Effectiveness of the DEJMPS purification protocol in noisy entangled photon systems, a Monte Carlo simulation

TL;DR

This study uses Monte Carlo simulations to evaluate the DEJMPS entanglement purification protocol's effectiveness on noisy photon pairs, providing detailed fidelity and yield maps across various noise levels.

Contribution

It offers the first comprehensive numerical analysis of both fidelity and yield improvements for DEJMPS under combined amplitude-damping and dephasing noise.

Findings

Single purification round can increase fidelity by up to 0.07 in high-noise regimes.

Yield can decrease by up to 55% after purification.

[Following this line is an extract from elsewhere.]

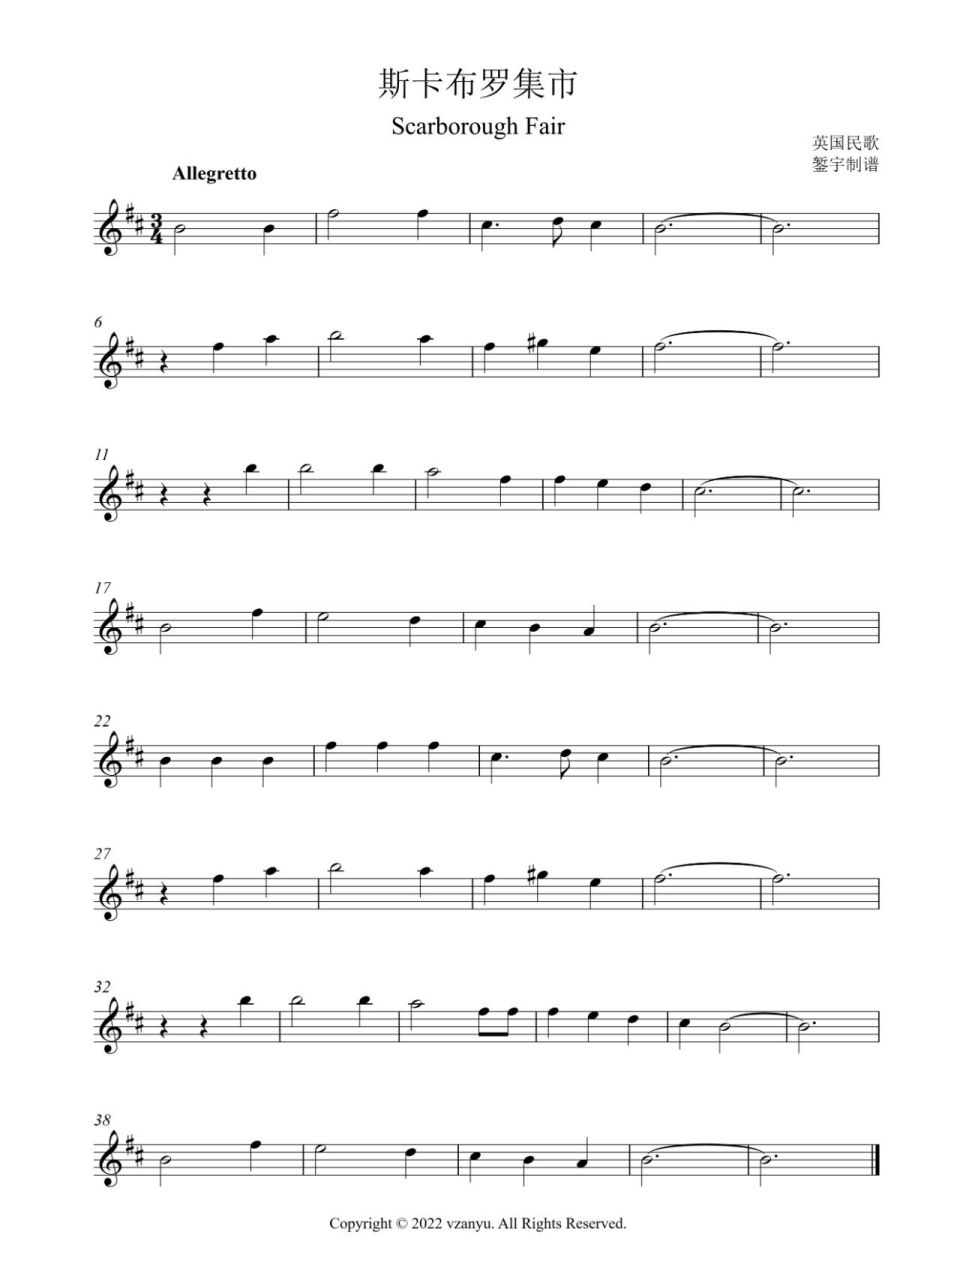 器乐谱《斯卡布罗集市》五线谱长笛,单簧管 制作的《斯卡布罗集市》
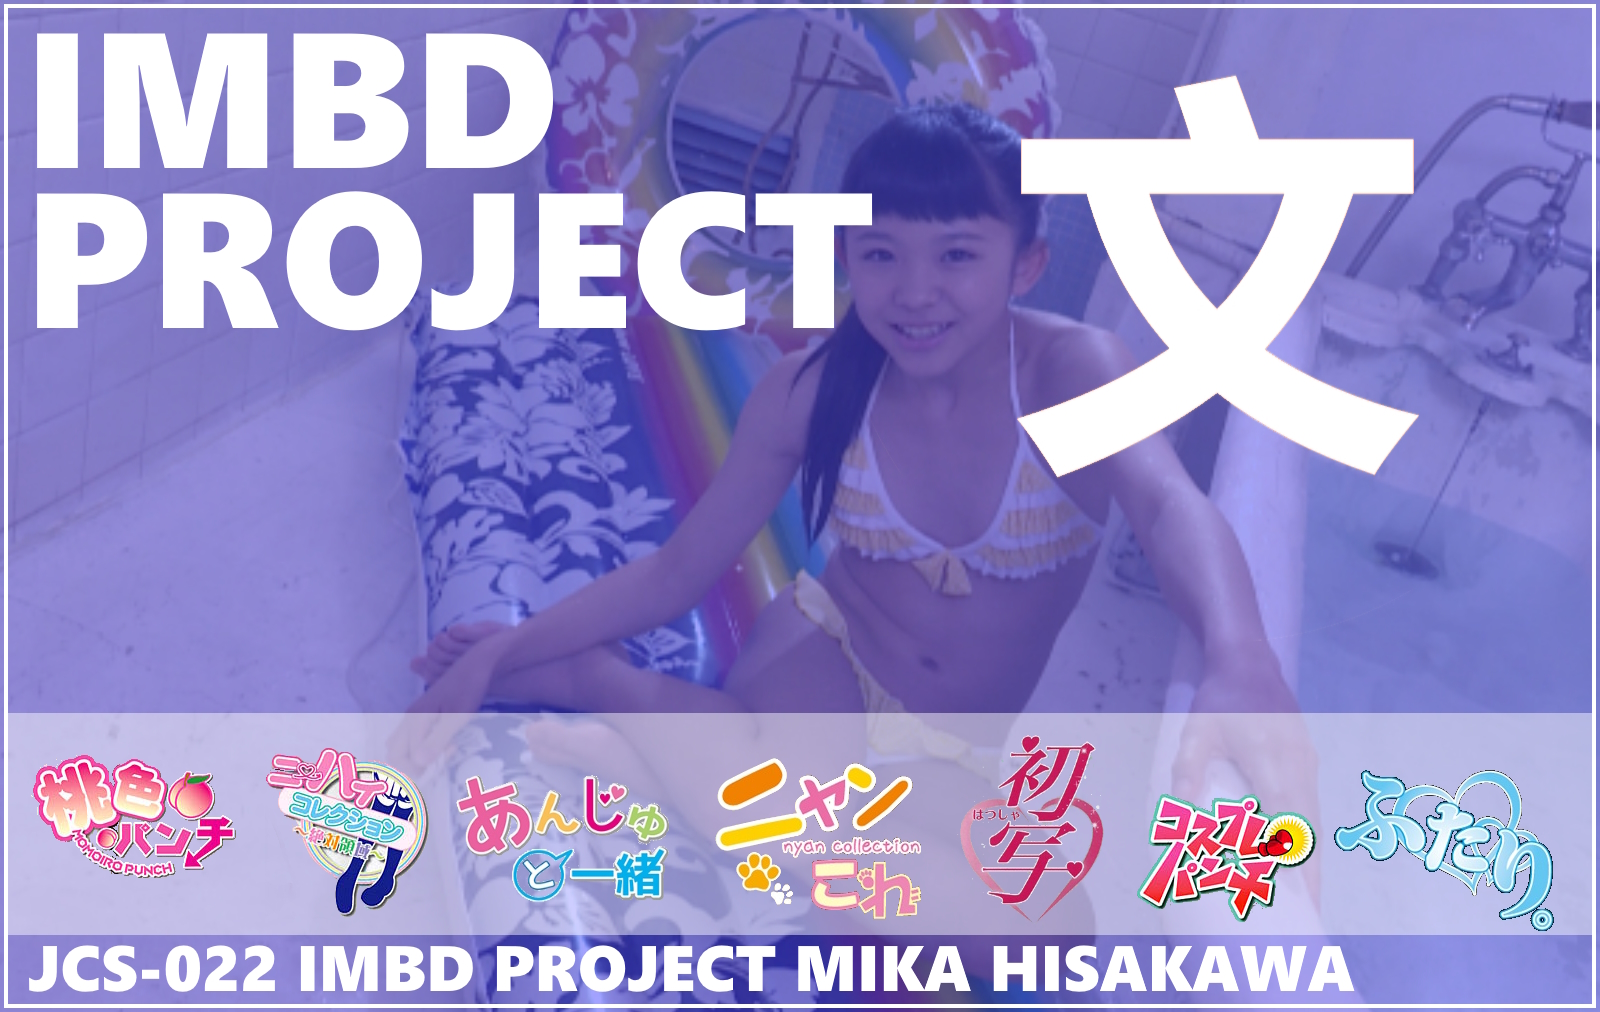 JCS-022 IMBD Project Mika Hisakawa

Fidelity gains increase with noise levels, yields decline more sharply under combined noise.

Abstract

Entanglement purification is a critical enabling technology for quantum communication, allowing high-fidelity entangled pairs to be distilled from noisy resources. We present a comprehensive Monte Carlo study of the DEJMPS purification protocol applied to polarization-entangled photon pairs subject to both amplitude-damping noise (gamma) and dephasing noise (p). By sweeping (gamma, p) over a two-dimensional grid and performing repeated stochastic trials, we map out the average fidelity and average yield surfaces of the purified output, as well as the net gains (DF) and losses (DY) relative to the unpurified baseline. Our results show that a single round of DEJMPS purification can boost entanglement fidelity by up to 0.07 in high-noise regimes, while incurring a yield penalty of up to 0.55. Fidelity gains grow monotonically with both gamma and p, whereas yields decline more sharply under combined noise. Contour and 3D surface plots of DF(gamma, p) and (DY, gamma, p) vividly illustrate the trade-off between quality and quantity of distilled pairs. This two-parameter Monte Carlo characterization provides practical guidance for optimizing purification depth and operating points in real-world photonic networks, and represents, to our knowledge, the first detailed numerical charting of both fidelity and yield improvements across a continuous noise landscape for DEJMPS.